Wer Wasserburg über den Innradweg von Rosenheim oder von Mühldorf aus ansteuert, muss auf Teilstrecken gut bei Puste sein, denn es sind hin und wieder steilere Anstiege zu bewältigen. Wer’s gemütlicher haben will, findet im Westen der Erzdiözese den Amperradweg. Ein Teilstück verbindet Grafrath und Fürstenfeldbruck.

Frommer Reliquiesammler

In der Ortsbezeichnung Grafrath klingen noch der Adelstitel und der Name des heiligen Rasso an. Heute würde man ihn als religiösen Sucher bezeichnen. Der bayerische Graf war im Mittelalter zuerst als Feldherr und dann als frommer Pilger immer auf Achse. In Rom und im Heiligen Land hat er zahlreiche Reliquien gesammelt, um sich seinen Glauben auch dinglich vor Augen halten zu können. Diese Heiligtümer brachte er in dem von ihm gegründeten Kloster am Ammersee unter: in Grafrath. Später sind sie nach Andechs gekommen, das dadurch zu einem der wichtigsten Wallfahrtsorte im damaligen Deutschland aufstieg.
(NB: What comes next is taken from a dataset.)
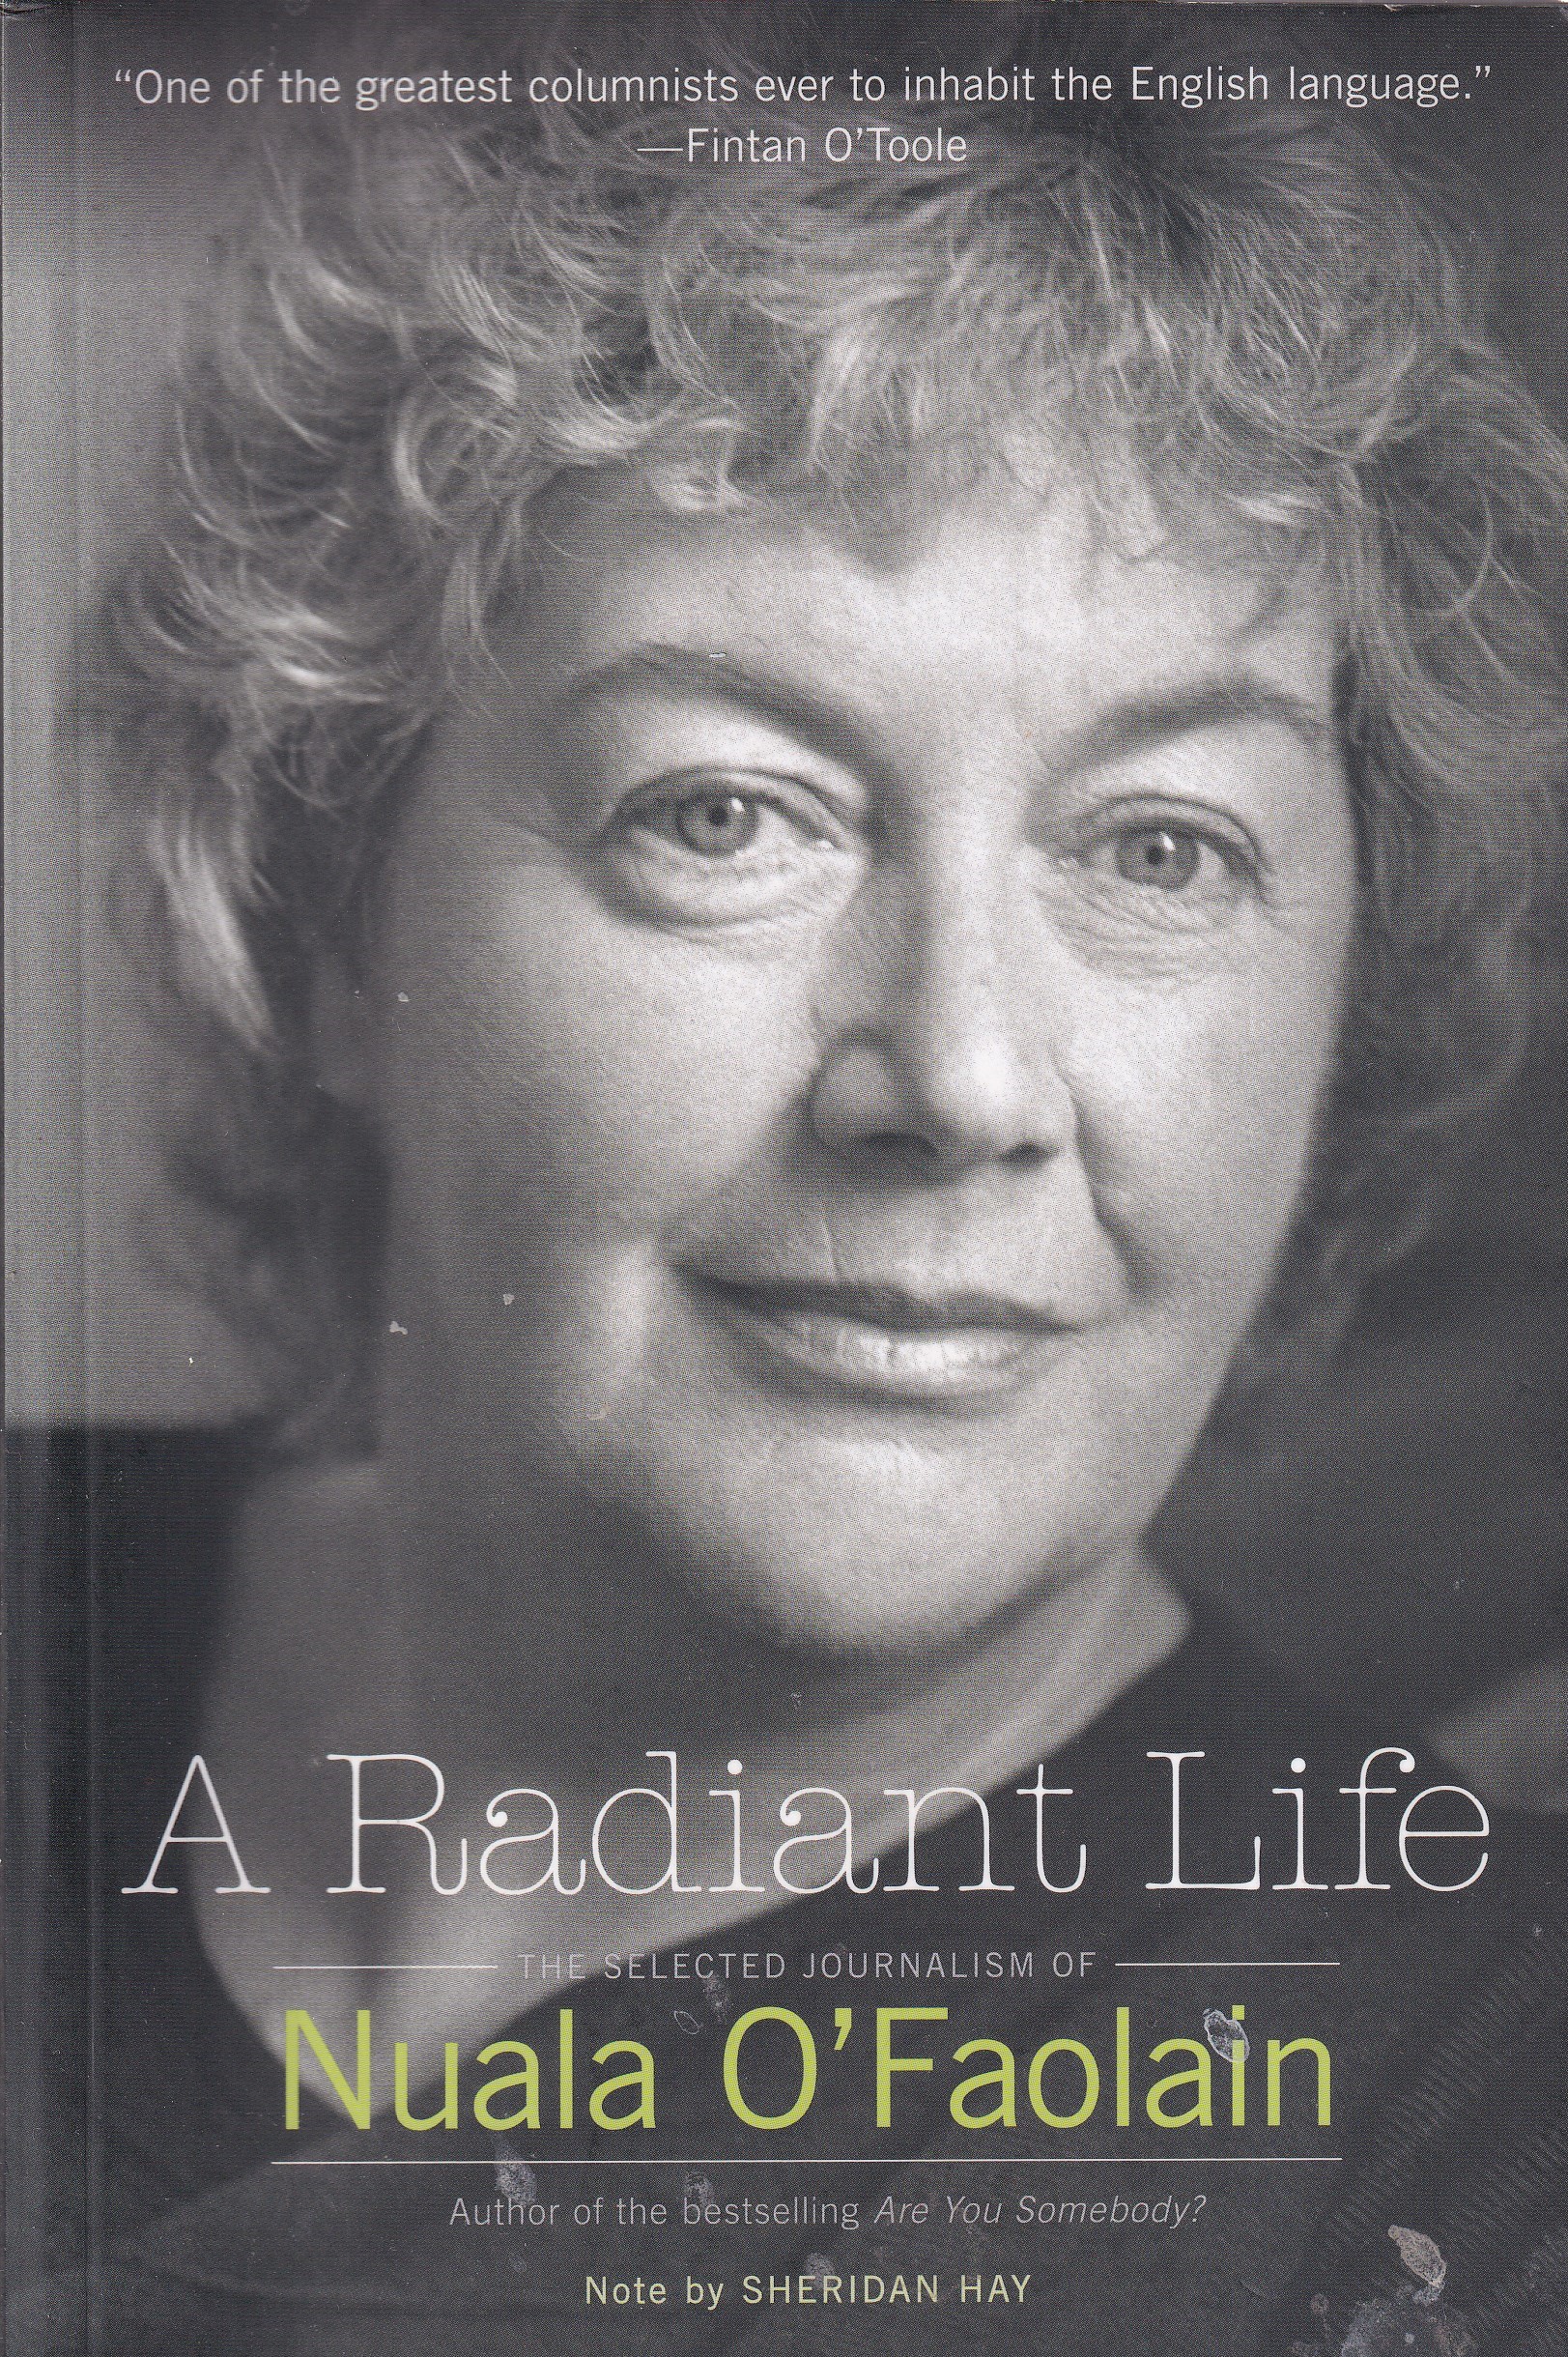 A Radiant Life: The Selected Journalism of Nuala O’Faolain by Nuala O'Faolain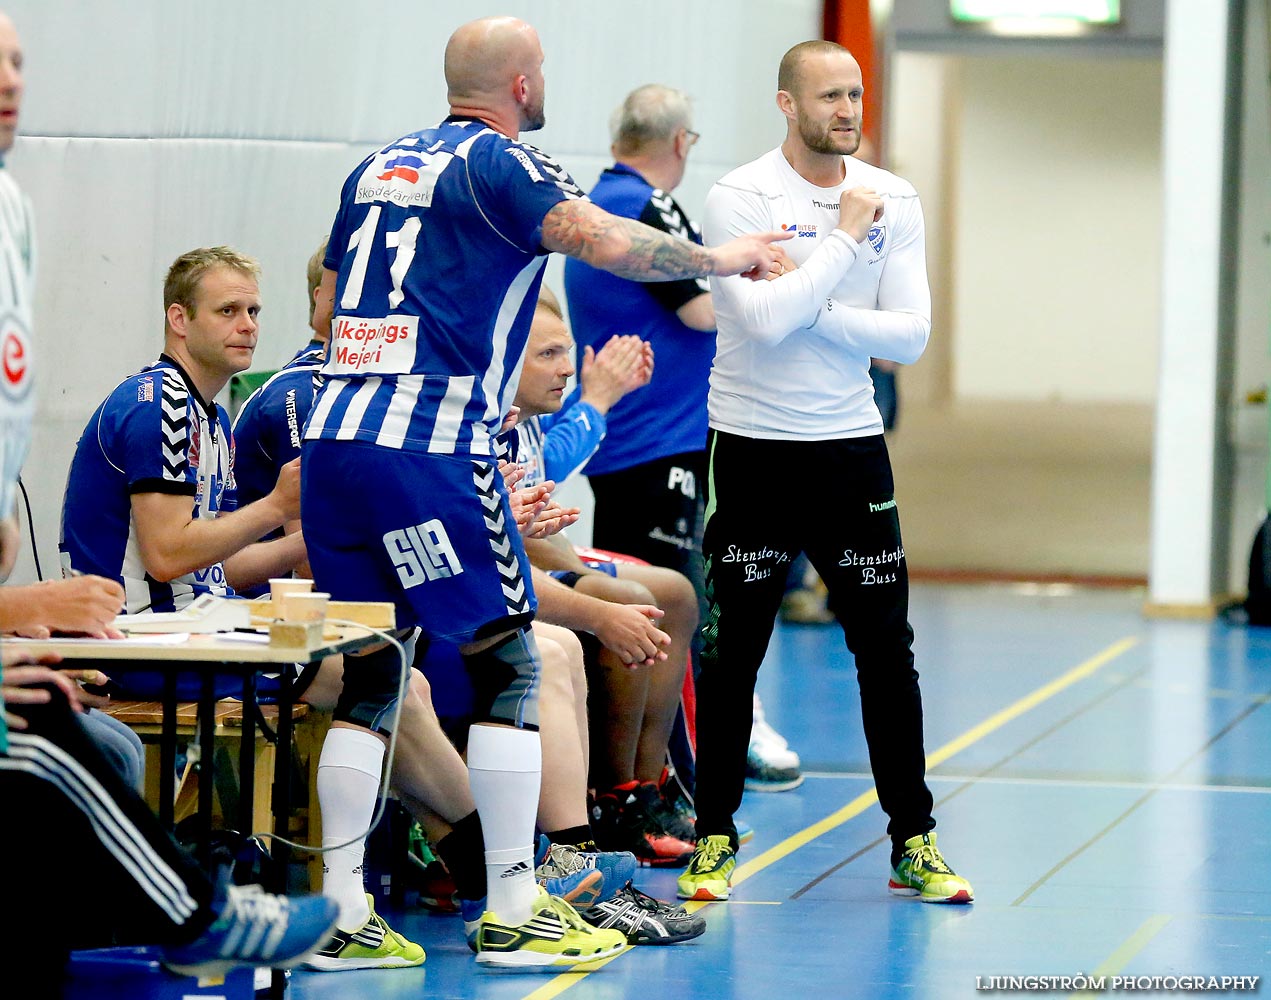 Trim-SM Herrar Bronsmatch Västra Frölunda IF-IFK Skövde HK 11-20,herr,Arena Skövde,Skövde,Sverige,Handboll,,2015,117068

Grafrath hat es aber auch ohne die ursprünglich dort aufbewahrten Reliquien geschafft, ein Wallfahrtsort zu bleiben. Schließlich ist der heilige Rasso selbst in seiner Kirche geblieben, dessen Gebeine reichgeschmückt im Hochaltar zu sehen sind, an dem auch Ignaz Günther mitgewirkt hat. Johann Georg Bergmüller malte die Fresken, die den Lebensweg des heiligen Rasso zeigen. Noch prächtiger ausgestattet präsentiert sich die Asamkirche in der früheren Zisterzienserabtei Fürstenfeldbruck. Die 21 Kilometer dorthin lassen sich nicht nur an, sondern auch auf der Amper zurücklegen. In Grafrath bietet ein Verleih Schlauchboote an, die in Fürstenfeldbruck zurückgegeben werden können.